Geographie[Bearbeiten | Quelltext bearbeiten]

Spicheren ist eine Gemeinde direkt an der französisch-deutschen Grenze, etwa fünf Kilometer östlich von Forbach am Wimmersbach. Der Grenzübergang Goldene Bremm (frz. Brème d’or) liegt auf der Gemarkung von Spicheren.

Kultur und Sprache[Bearbeiten | Quelltext bearbeiten]

Amtssprache ist Französisch. Als Umgangssprache ist Deutsch besonders in seiner Ausprägung als Lothringer Platt unter der älteren Bevölkerung noch sehr verbreitet. Bedingt durch die Nähe zum Ballungsraum Saarbrücken und die besondere Wohnqualität haben 30 Prozent der Einwohner Spicherns die deutsche Staatsbürgerschaft. Im Rahmen eines grenzüberschreitenden Projekts werden die Kinder in der Vor- und Grundschule seit 2005 zweisprachig unterrichtet.

Geschichte[Bearbeiten | Quelltext bearbeiten]

Der Name des 1259 erstmals erwähnten Dorfs, leitet sich vom lateinischen Wort spicarium für ‚Getreidespeicher‘ ab. Die Ortschaft gehörte 1376 Arnold von Pittingen als Lehensträger der Herrschaft Forbach und dann zu Lothringen.[1]

Durch den Frankfurter Frieden vom 10. Mai 1871 kam die Region an Deutschland, und das Dorf wurde dem Kreis Forbach im Bezirk Lothringen, im Reichsland Elsaß-Lothringen, zugeordnet.[1] Nach dem Ersten Weltkrieg wurde die Region aufgrund der Bestimmungen des Versailler Vertrags 1919 wieder an Frankreich abgetreten. Der Bezirk Lothringen blieb in seinen 1871 entstandenen geographischen Ausmaßen erhalten und wurde in Département Moselle umbenannt. Im Zweiten Weltkrieg war die Region von der deutschen Wehrmacht besetzt und als CdZ-Gebiet Lothringen faktisch annektiert.

Deutsch-Französischer Krieg[Bearbeiten | Quelltext bearbeiten]

Am Nachmittag des 6. August 1870 begann neben weiteren verlustreichen Gemetzeln der Sturm preußischer Truppen gegen den Roten Berg, einer steilen Erhebung östlich von Spichern, den die Franzosen zunächst hartnäckig verteidigten. Schließlich mussten sie zurückweichen und ermöglichten somit den weiteren Vorstoß der Preußen, was letztlich zur französischen Kapitulation mit beitrug.
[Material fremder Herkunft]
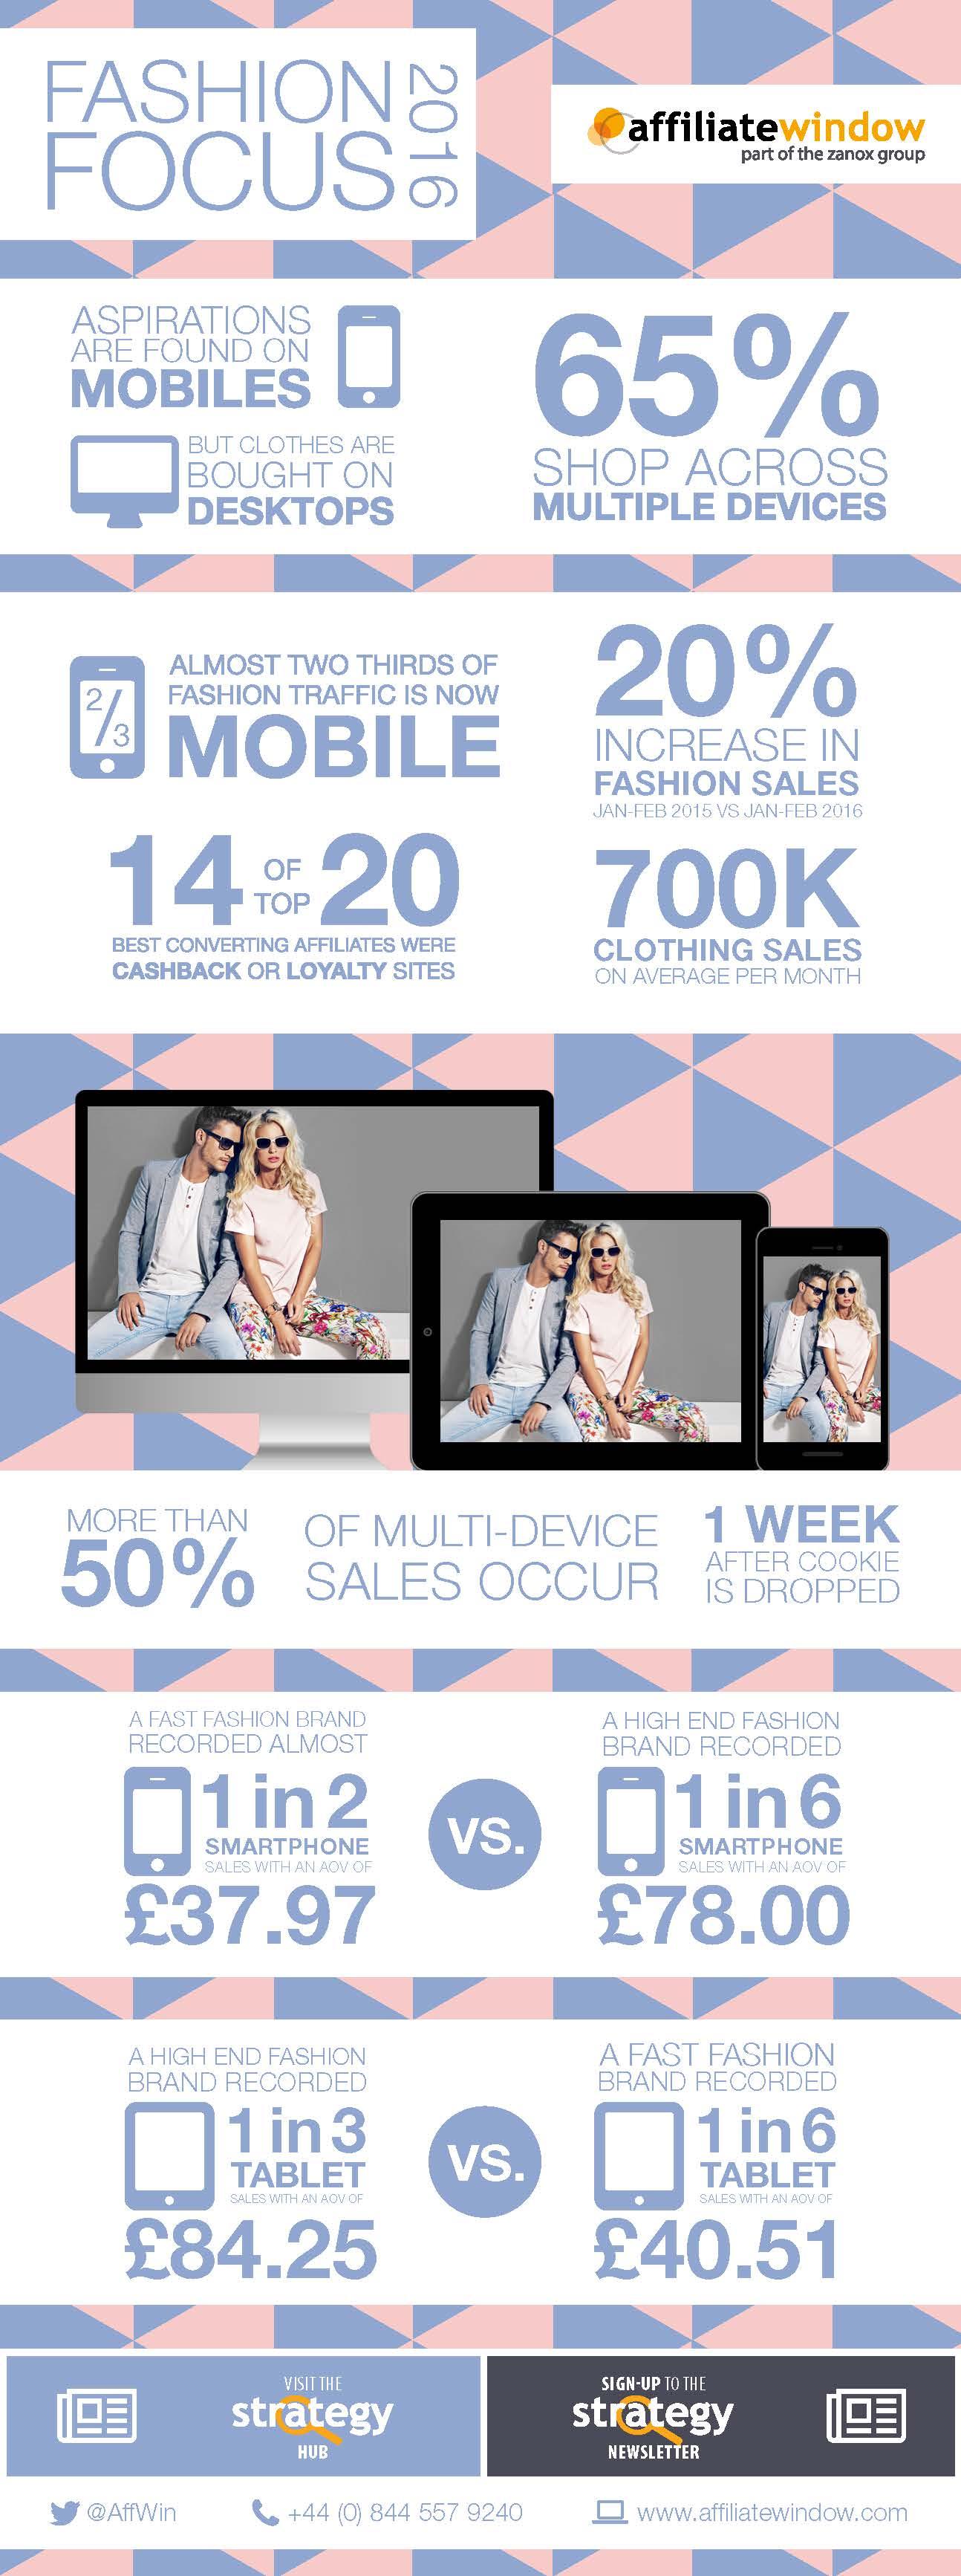 Fashion-Focus-Infographic.jpg

Nach der Eingliederung Elsaß-Lothringens errichteten die Preußen am 6. August 1872, dem Jahrestag der Schlacht bei Spichern, fünf Denkmäler auf den sogenannten Spicherer Höhen.[2] Am Nordausgang von Spicheren befindet sich die Deutsch-französische Kriegsgräberstätte „Giffertwald“.[3][4][5] Im Jahr 1934, nachdem die Region seit 1919 wieder zu Frankreich gehört hatte, wurde das 15 Meter hohe Kreuz zu Ehren der am 6. August 1870 gefallenen französischen Soldaten errichtet.

Zweiter Weltkrieg[Bearbeiten | Quelltext bearbeiten]

Zu Beginn des Zweiten Weltkrieges spielten die Spicherer Höhen eine bemerkenswerte Rolle für die deutsche Verteidigung, weil dort deutsche Truppen nach dem Rückzug französischer Truppen an die Maginot-Linie auf seit 1919 französischem Staatsgebiet stationiert waren. Die Nähe zu den saarländischen Industrieanlagen und zur Großstadt Saarbrücken gebot aus deutscher Sicht die Einnahme des Giffertwaldes nahe Spicherns.

Im Dezember 1939 wurden auf den Spicherer Höhen erste provisorische Unterstände errichtet. Am 24. Dezember 1939 besuchte Adolf Hitler die dortigen Stellungen. Begleitet wurde er von Erwin von Witzleben, dem Oberbefehlshaber der 1. Armee. Aus Anlass der ersten Kriegsweihnacht läuteten die Glocken der Kirche St Laurent von Spichern.[6] Einer der Unterstände wurde in der Folge als „Adolf-Hitler-Stellung“ bezeichnet. Von Januar bis Juni 1940 wurde die Spichern-Stellung als Teil des Westwalls ausgebaut.[7] Die Bunker der Spichern-Stellung wurden nicht geschleift.[8]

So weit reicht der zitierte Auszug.